Roberge introduces the concept of the "Science of Scaling," a framework designed to help boards and leadership teams make data-driven decisions about scaling their sales efforts. This approach emphasizes the importance of understanding market readiness and internal capabilities before ramping up sales operations.
A significant portion of the conversation explores the impact of Artificial Intelligence on the sales landscape. Roberge expresses a nuanced perspective, acknowledging that while AI can enhance certain aspects of sales, it cannot fully replace the human element essential for building genuine trust and relationships.
Marc Roberge [18:05]: "Today's AI could do that better than most humans. Hey, I don't mean to the economic effects of this scary and it's going to take a while, but I've seen examples of this where the person on the other side had no idea they were speaking to AI and the AI performed better than 80% of salespeople."
He warns that relying solely on AI may compromise the authenticity and relational aspects that are critical in sales, advocating for a balanced integration of technology and human skills.
Roberge discusses his podcast, "The Science of Scaling," which is co-produced with HubSpot and focuses on the intricacies of building and scaling sales teams in startups. By featuring first sales leaders from successful companies like OpenAI, Figma, and Asana, the podcast aims to uncover actionable strategies and lessons learned from real-world experiences.
Marc Roberge [20:22]: "I try to take these folks who've seen the whole journey, but we go back to the early days and try to unpack what they did to hopefully create some education for this new generation of founders."

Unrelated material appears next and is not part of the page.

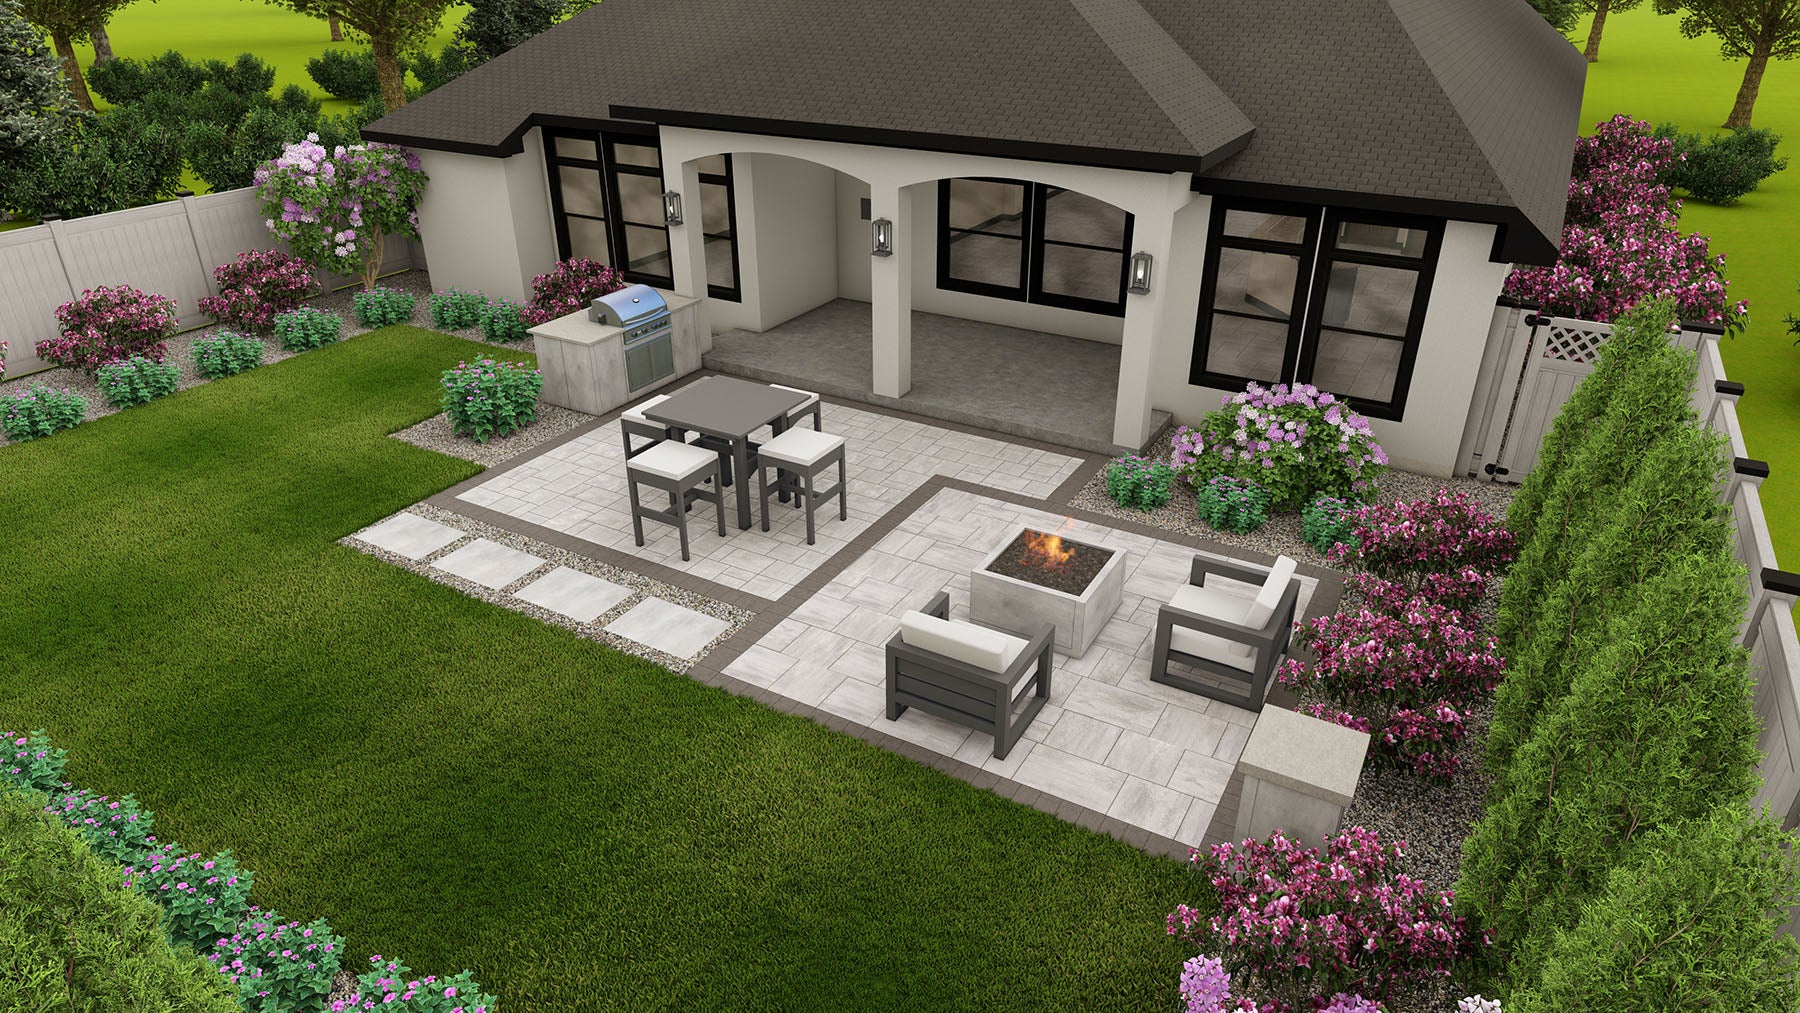 Image features Belgard Backyard + Package 3, Dimensions™, Patio with built-in fire pit and built-in grill.
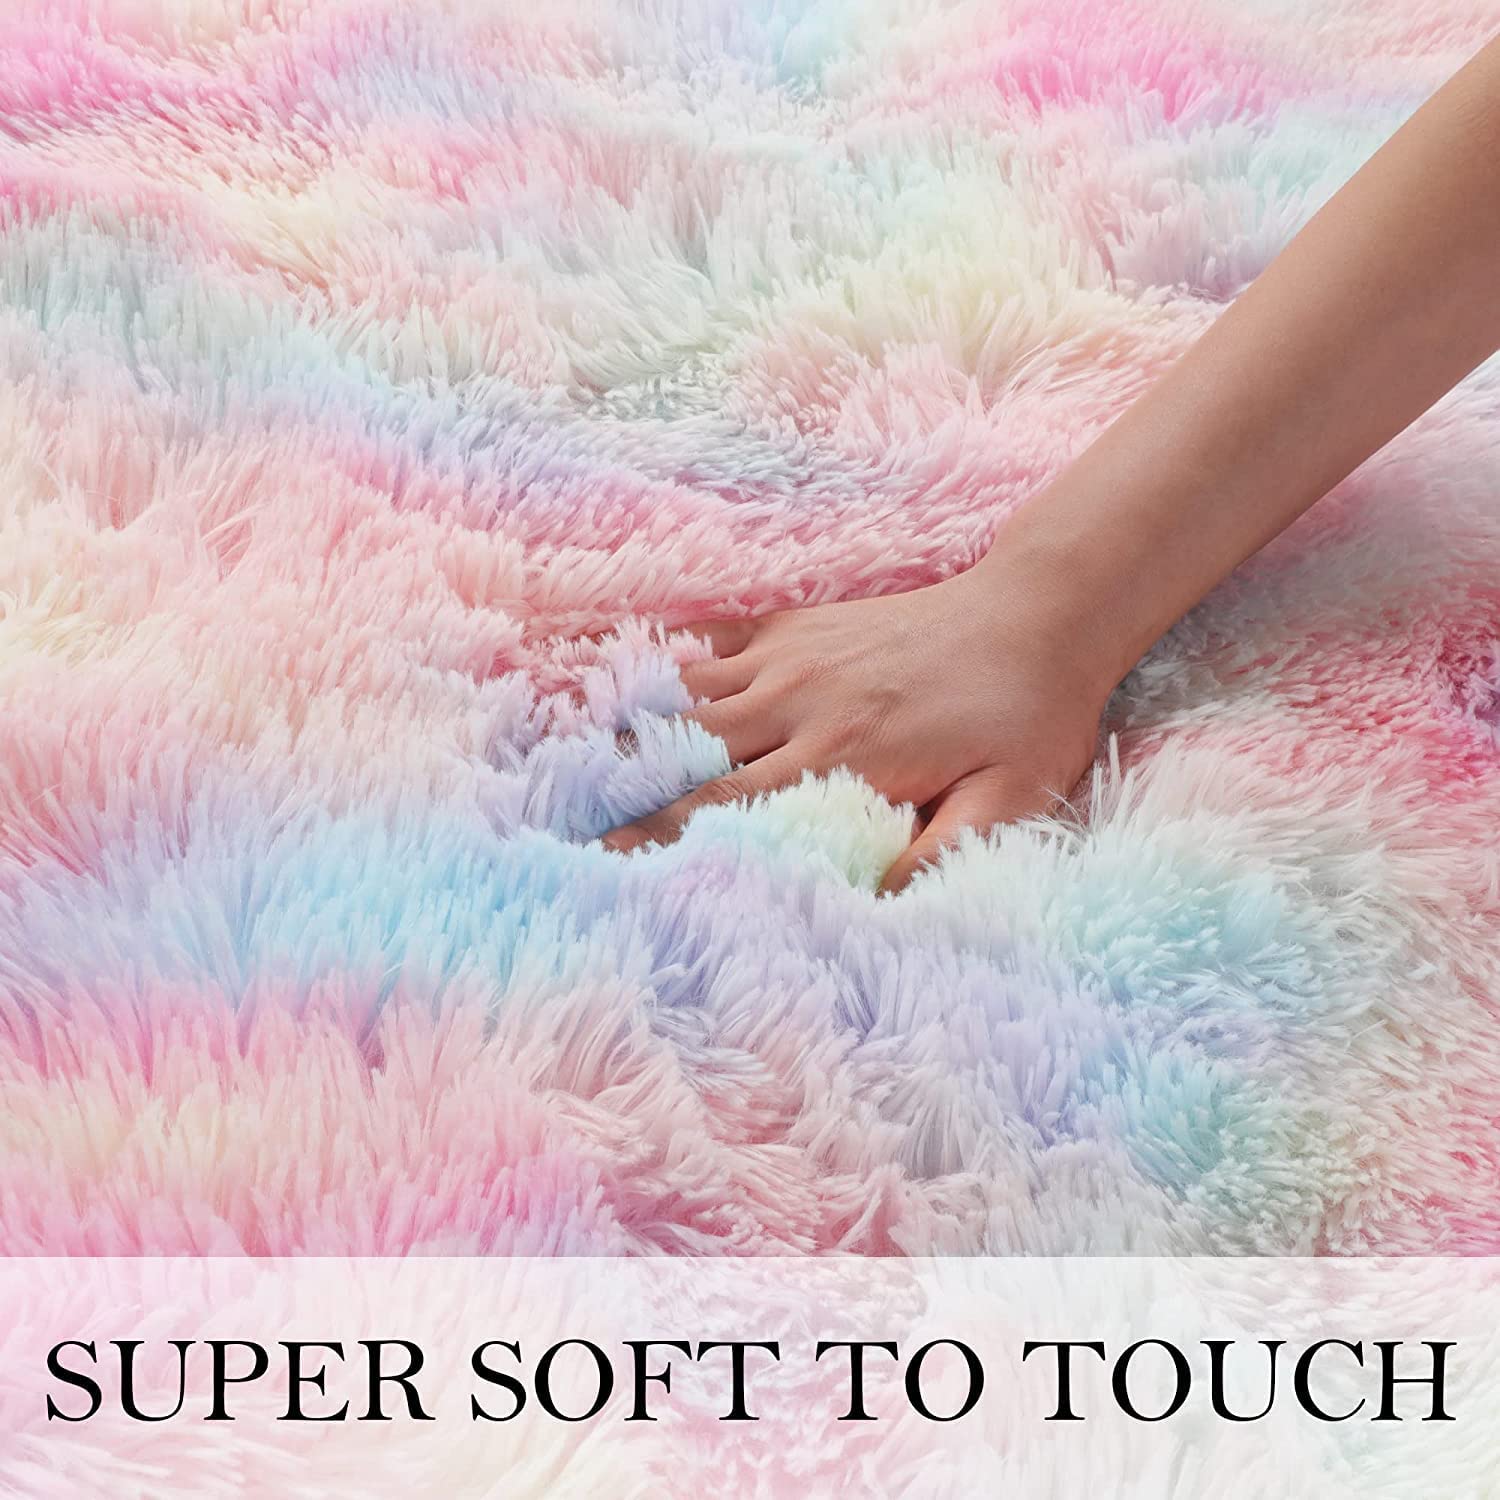 Junovo Soft Rainbow Area Rugs for Girls Room, Fluffy Colorful Rugs Cute Floor Carpets Shaggy Playing Mat for Kids Baby Girls Bedroom Nursery Room, 4'x6',Rainbow - image 5 of 8

This initiative underscores Roberge’s commitment to educating founders on effective sales strategies, fostering a new generation of entrepreneurs equipped with the knowledge to navigate the complexities of scaling their sales operations.
The episode concludes with Roberge and Kenny reflecting on the critical insights discussed. Roberge reinforces the notion that sales is an integral skill set for founders, pivotal not just for revenue generation but for steering the organization’s vision and growth. The conversation serves as a comprehensive guide for entrepreneurs aiming to prioritize and master sales and marketing to propel their ventures toward sustained success.
Notable Quotes:
This episode of HBR On Leadership offers invaluable perspectives for founders and leaders, emphasizing that mastering sales and marketing is not an optional skill but a fundamental necessity for driving and sustaining business success.